İspanya Milli Takımının oyun merkezi İniesta, bu futbolcuyu bir futbol sever olarak izlemek keyif veriyor! Rakip oynamak zor ama oynadığı bölgede adam adama yada baskılı oyun şart!  Yani merkezde iki ön libero tercih edilebilir diye düşünüyorum ki biz maalesef yarım ön libero ile maça başladık ve öyle bitirdik!. 

Bakın göreceksiniz Modriç,  Rakitiç ikilisi İniesta'nın oynadığı bölgede nasıl bir baskı kuracaklar ve İniestayı yana veya geriye oynamaya itecekler!  Çekler bile bunu ikinci bölgede yada kendi birinci bölgelerinde uygulamaya çalıştılar ve bir nebze başarılı oldular!
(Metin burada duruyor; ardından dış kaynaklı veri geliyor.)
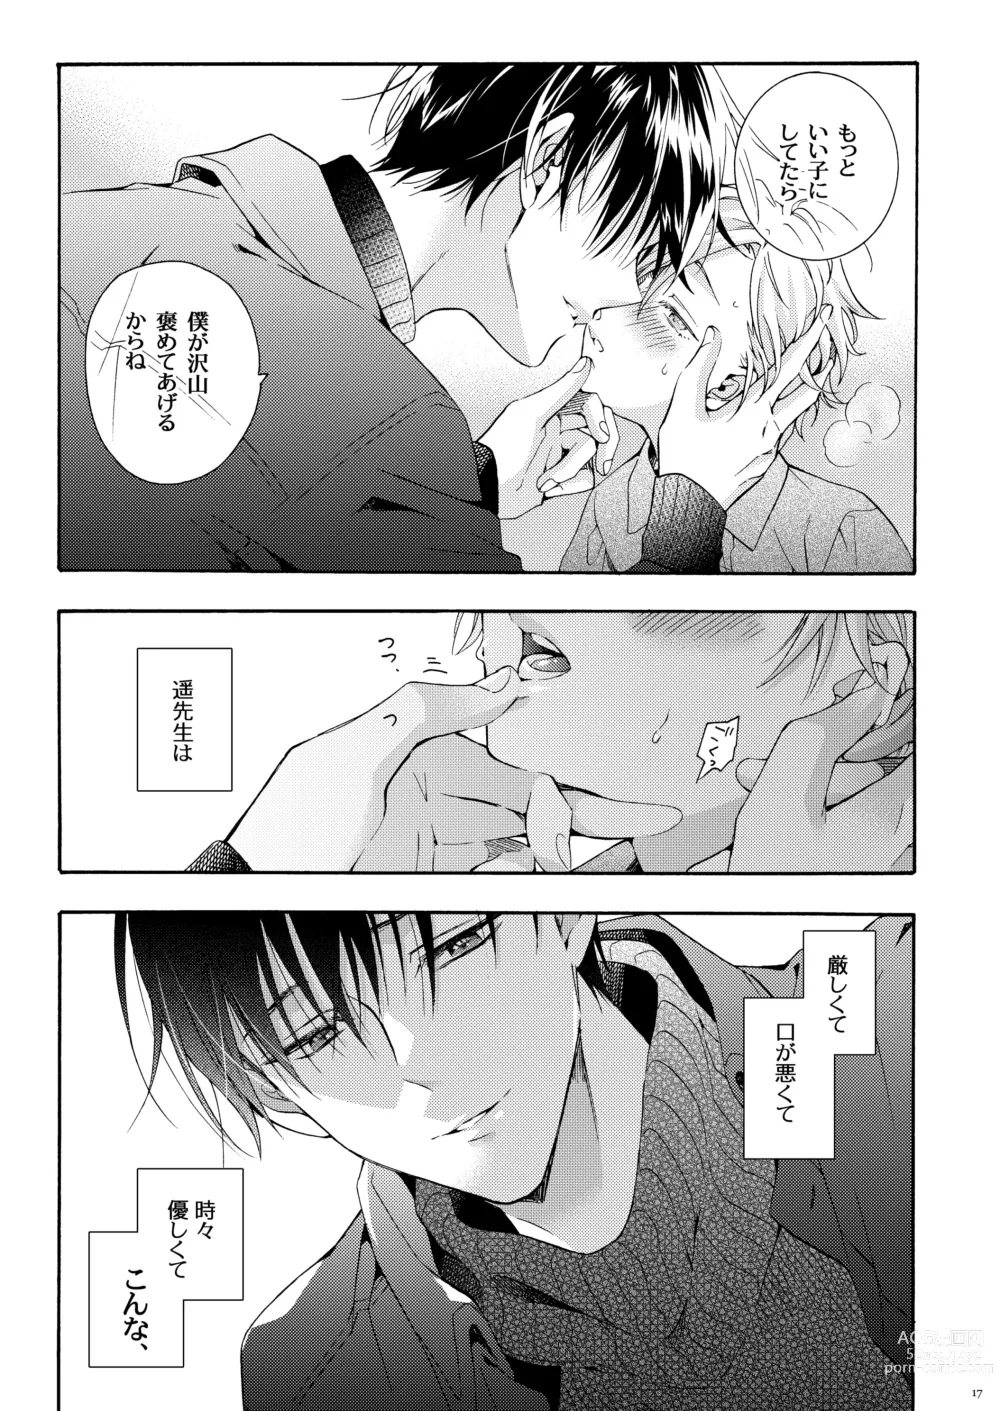 Page 16 of manga Boku no Tame no Omega

Çirkin gözükebilir ama sonuç veriyorsa “BAŞARIYA GİDEN HER YOL MÜBAHTIR”! 

Gelelim Milli Takım'a ve oyuncularına , şu iki maç gösterdi ki Volkan BABACAN Türkiye'den başka ülkede oynayamaz!  Gökhan Gönül de ya Fenerbahçe ile anlaşır yada Beşiktaş'a imza atar orada birkaç  yıl idare eder ve futbolu bırakır!  Onda da Uğur BORAL geleceği  görüyorum!Bu tempoyla Avrupa hayal,  Caner iyi bir hazırlık dönemi yaşamazsa  İtalya'da iyi bir yedek olur! Orda da İtalya'na  posta koyabilir mi bilemiyorum ama işi zor gözüküyor.. 

Mehmet Topal bu günün en kötü oyuncularından biri gözükebilir ama sebebi kendisi değil, orada zorla oynatan zihniyettir. Takımına döndüğünde performansının yukarı çıkacağını tahmin ediyorum!  Hakan Balta her şeye rağmen iyi bir turnuva çıkarıyor, tecrübesini zekasıyla birleştiren ve kalpten oynayan birkaç oyuncudan biri! 

Bana kızabilirsiniz ama Selçuk Şahin, Arda Turan ve Burak Yılmaz'ın Milli Takımlar geleceği  tekrar gözden geçirilmeli.. Ozan Tufan ile Oğuzhan Özyakup'a bu turnuva bir beden büyük geldi! Çalhanoğlu, Nuri, Emre Mor zaten yurt dışında oynayan oyuncular bu oyuncuların profesyonellik anlayışları bizimkilerden farklı onlar kendilerini daima hazır tutacaklardır..

Gelelim Fatih Hoca'ya  dün gazetecilerle yaptığı toplantı ve bazı paylaşımlarında ayrılacağı yönünde emarelerle dolu cümleler sarf etti! Galatasaray'lılar takımın başına geçecek diye sevinebilir ama bence bu kadar problemli ve dar bütçeli takımın adı Galatasaray dahi olsa Fatih Hoca, Mustafa Denizli'nin düştüğü hataya düşmeyecektir. Ben Rusya'dan yada Ukrayna'dan bir takımın başına geçebileceğini düşünüyorum! 

Maç 3-0 bitti, aslında İspanya bir turnuva maçı değil de , farklı bir organizasyonun içinde bizi bu halimizle yakalasa 5'den aşağı atmazdı!  Elimizde kalan tek umudumuz Çek maçı var! İnanılmaz ihtimaller  gerçekleşir yine en iyi üçüncülerin arasından son 16'ya kalırsak ben şaşırmam doğrusu! O zaman “BİZ BİTTİ DEMEDEN BİTMEZ OLACAK” inşallah! 

Son paragraf sevgili kaptanımız Arda'ya,  Toni Schumacher'in dediği gibi “ZİRVEYE ÇIKMAK ZORDUR, AMA ZİRVEDE SÜREKLİ KALMAK DAHA ZORDUR” iniş başlamışsa geçmiş olsun kaptan!  Artık futbolu herkes biliyor, önünde 30-40 metre boş alan var ve sen topu hızlı şekilde oraya sürmüyor ve takımını öne taşımıyorsan seyirci seni protesto eder..  Neden mi ? Masterlerin maçlarını seyrediyorum, oradada 40-50 metreye durarak top atıp, topu arkadaşının ağzının içine düşüren bir sürü yetenekli adam var!  Sen Barcelona da oynuyorsun seyircinin senden farklı bir şeyler istemesine el kol hareketi yaparak tepki vermeyeceksin!. Milli Takımların bütün reklamlarında başrolde sen varsın unutma !!!